7. ML Models — Research Rationale

Why Multi-Output Regression (Not 7 Separate Models)?

Option A — 7 separate models:
Simple. One XGBRegressor per target. Easy to tune individually.
Problem: Ignores correlations between targets. In our data, Hardness and Friability are perfectly anti-correlated (ρ = −0.99). A multi-output model can exploit this shared signal.

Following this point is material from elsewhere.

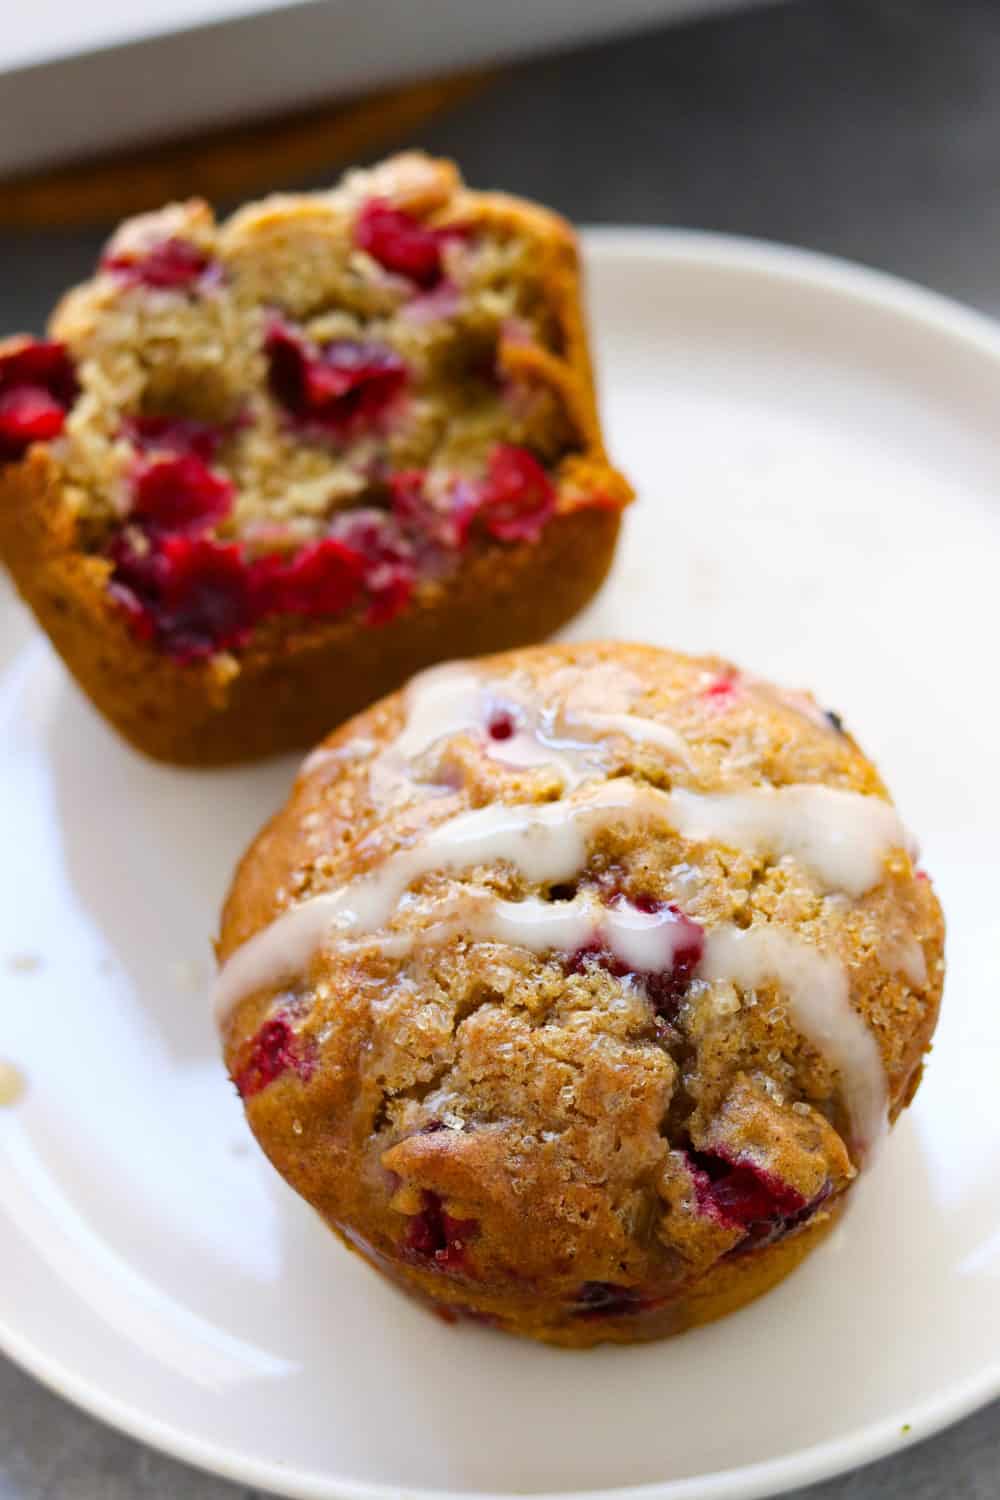  Cranberry orange muffin z glazurą na białym okrągłym talerzu

Option B — Multi-output regression (our choice):
MultiOutputRegressor wraps one model per target but shares the same feature engineering.
For MLP: shared hidden layers + separate output heads explicitly shares learning.
RegressorChain (alternative): each target prediction uses previous target as additional input — useful when targets have causal ordering.
Advantage: Consistent predictions (e.g., if Compression_Force is high, model predicts high Hardness AND low Friability coherently), faster to train + evaluate.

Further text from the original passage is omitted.